Читаем Марсель Пруст и знаки полностью

Светские знаки и знаки любви для того, чтобы быть истолкованными, взывают к мышлению. Именно оно их дешифрует при условии, что «следует после…», вынужденное в некотором роде прийти в движение под давлением того нервного возбуждения, что порождает мирская суетность, или, еще, под действием пробужденнных любовью мучений. Возможно, мышление мобилизуется и другими способностями. Мы видим ревнивца, который использует все средства памяти для того, чтобы проинтерпретировать знаки любви, то есть ложь любимого. Но память, не вызванная в данном случае непосредственно, может предоставить только ту часть воспоминаний, что опосредована волением. И именно потому, что такая память «опосредована волением», она приходит всегда слишком поздно по отношению к знакам подлежащим истолкованию. Память ревнивца хочет удержать все, потому что малейшая деталь удостоверяет знак или симптом лжи; она хочет вобрать в себя все для того, чтобы мышление располагало необходимым материалом для последующих интерпретаций. В памяти ревнивца также есть нечто возвышенное: она безбоязненно встречает свои собственные границы и, устремляясь в будущее, старается их превзойти. Но она приходит с опозданием, потому что не может выделить в нужный момент фразу, что запомнится, или жест, о котором еще не известно, что он приобретет подобный смысл1. «Позднее, перед очевидной ложью, или охваченный тревожными подозрениями, я захотел было вспомнить об этом. Напрасно! Моя память не была предупреждена вовремя; она зря верила, что сохранила отпечаток»2. Короче говоря, в интерпретации знаков любви, память принимает участие только в обусловленной велением форме, обрекающей ее на патетический провал. Это — не давление памяти, что проявляется в каждой любви, благодаря которой удается расшифровать соответствующие знаки; это — только движение движение в ряду последовательных Любовей, отмеченное вехами забвении и неосознанных повторений.

* * *

Итак, на каком уровне вмешивается знаменитая непроизвольная Память? Отмечают, что она исходит из области особых знаков — чувственных. Мы опасаемся чувственных свойств — знаков; мы ощущаем повеление, принуждающее нас искать в них смысл. Таким образом, случается, что непроизвольная Память, непосредственно возбужденная знаком, выдает нам смысл (например, как Комбре в случае с печеньем «Мадлен», Венецию — с булыжниками мостовых и т. д.).

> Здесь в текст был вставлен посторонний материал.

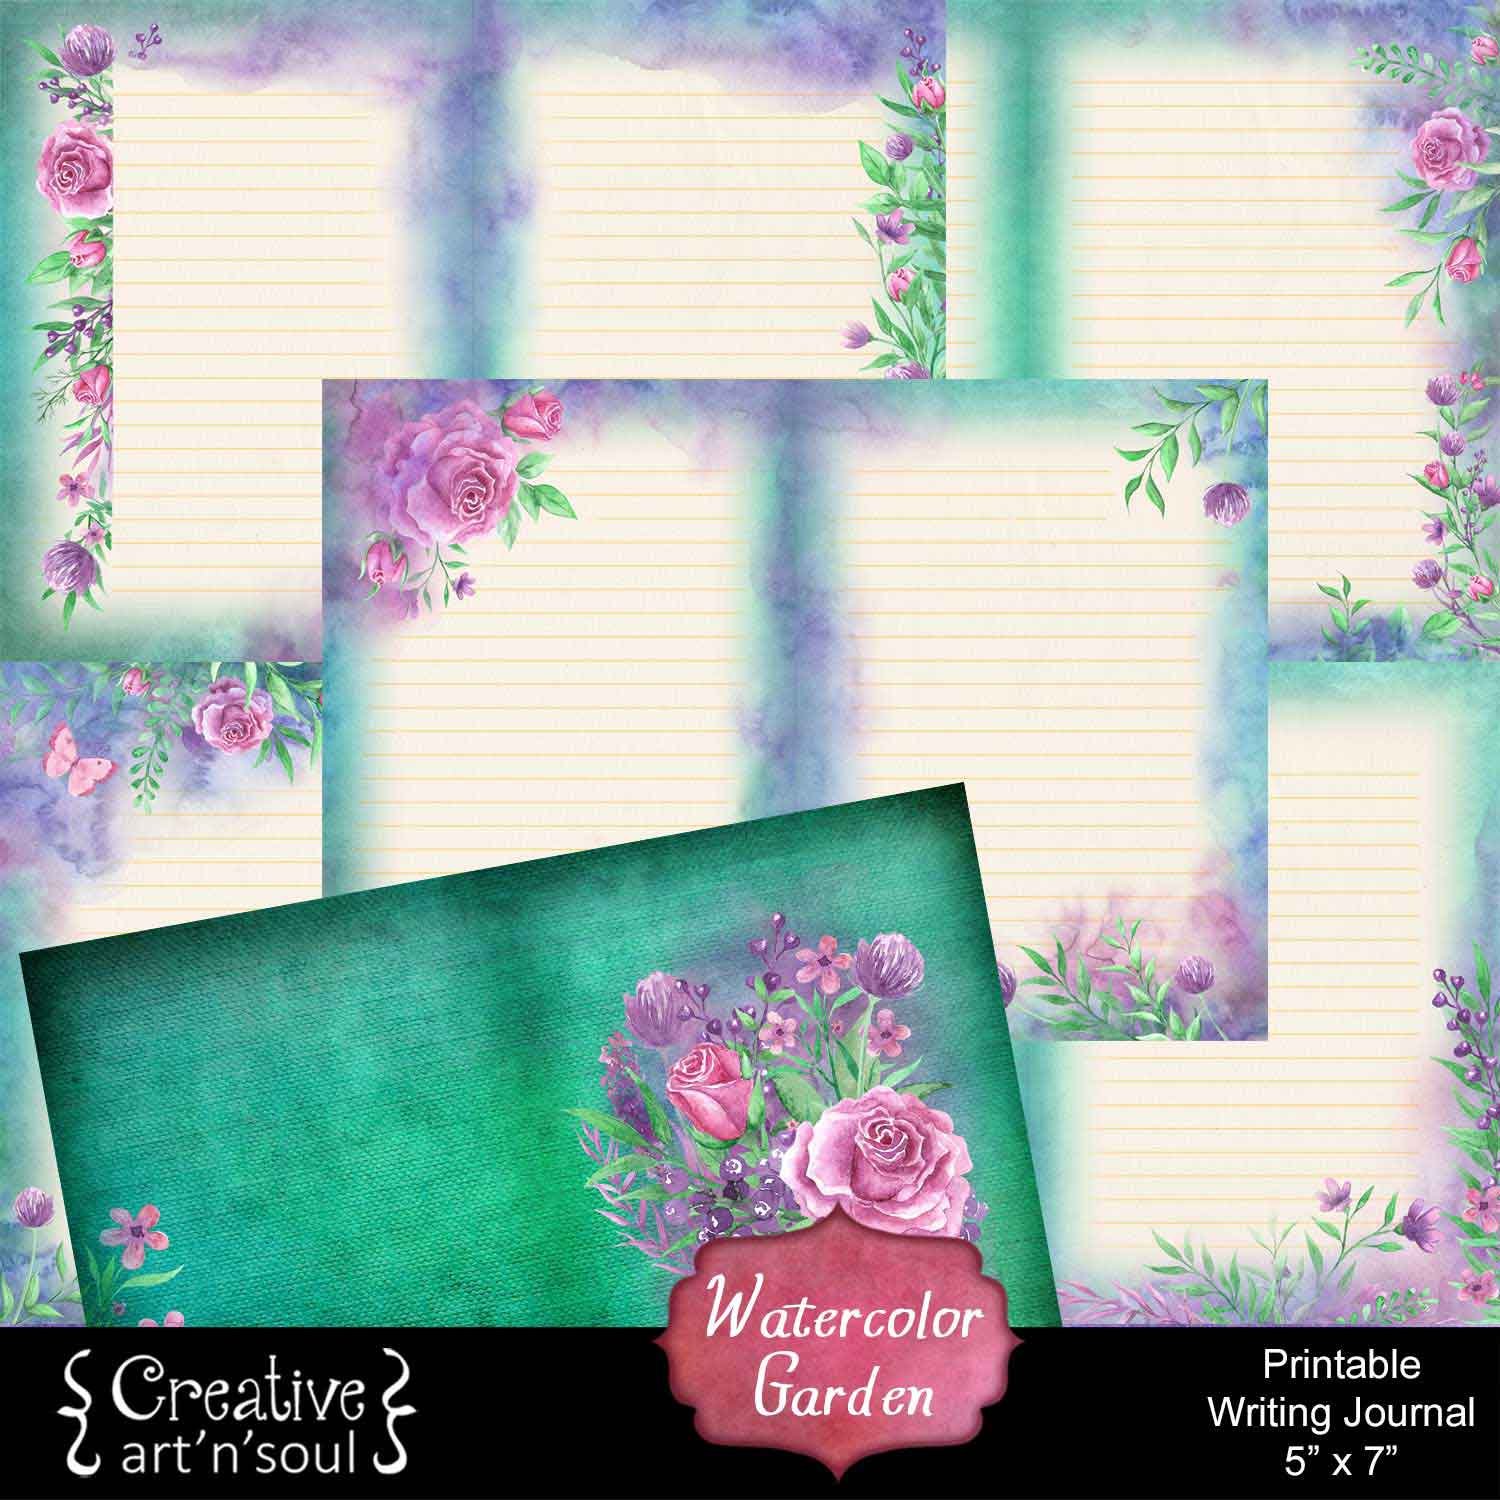 New in the Store: Watercolor Garden Printable Writing Journal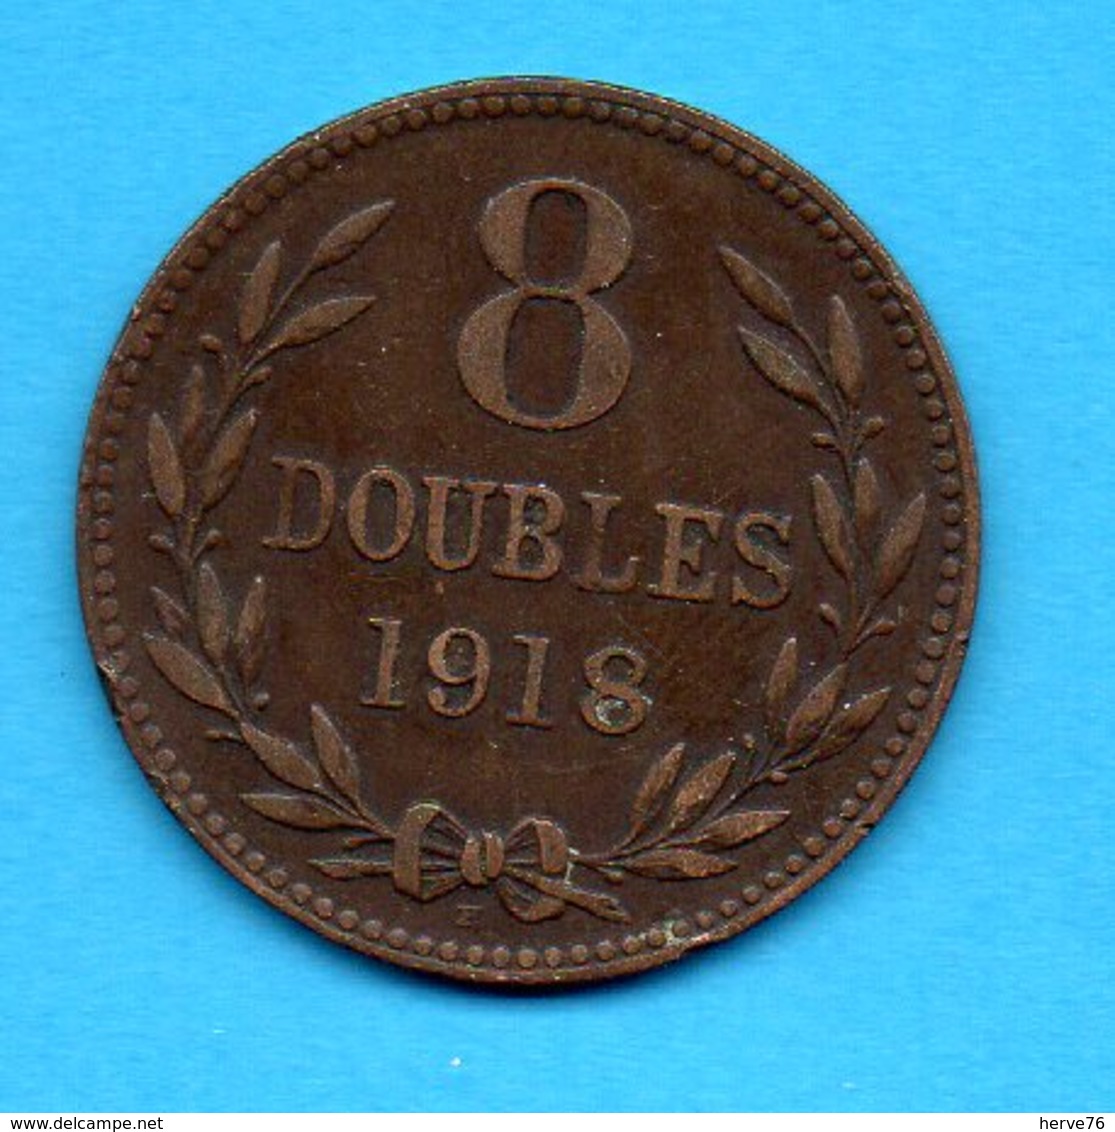 GUERNESEY - GUERNSEY - Pièce 8 Doubles 1918 - Guernesey

Во-вторых, мы утверждаем, что непроизвольная память не обладает секретом всех чувственных знаков: некоторые из них отсылают к желанию и к образам воображения (как колокола Мартинвилля). Поэтому Пруст тщательно различает два вида чувственных знаков: смутные воспоминания и открытия; «воскресения памяти» и «истины, описанные при помощи образов»3. Утром, когда герой встает, он ощущает в себе не только давление неосознанных воспоминаний, которые смешиваются со светом или с ароматом, но и порыв непроизвольных желаний, которые воплощаются в проходящей мимо женщине— булочнице, прачке или высокомерной девице, «наконец, в некоем образе»4. Поначалу мы даже не можем сказать, как нам подступиться к знаку. Адресовано ли свойство к воображению или просто к памяти? Необходимо испробовать все, чтобы обнаружить тот способ, который позволит нам получить адекватный смысл. Когда мы терпим неудачу, то не можем знать, является ли скрытый от нас смысл образом сновидения, или воспоминанием, утаенным от нас непроизвольной памятью. Например, три дерева — явились ли они из Памяти или же из Сна?

Чувственные знаки, которые объясняются через непроизвольную память, вдвойне неполноценны не только по отношению к знакам искусства, но также и по отношению к чувственным знакам, отсылающим к воображению. С одной стороны, их вещественность более непрозрачна и непокорна, а их объяснение остается слишком материальным. С другой стороны, они только внешне преодолевают противоречие бытия и небытия [мы это встречали в воспоминании бабушки). Пруст говорит о полноте смутных и непроизвольных воспоминаний, о неземной радости, которой одаривают нас знаки Памяти, и о том времени, в которое они нас неожиданно возвращают. И это действительно так: чувственные знаки, которые объясняются благодаря памяти, составляют «начало искусства», наставляют нас «на путь искусства»5. Никогда наше обучение не нашло бы своего завершения в искусстве, если бы оно не скользило по этим знакам, одаривающим нас предчувствием обретенного времени, и подготавливающих к полноте эстетических Идей. Но они лишь подготавливают нас: это — простое начало. Они еще суть знаки жизни, но не знаки искусства как такового6.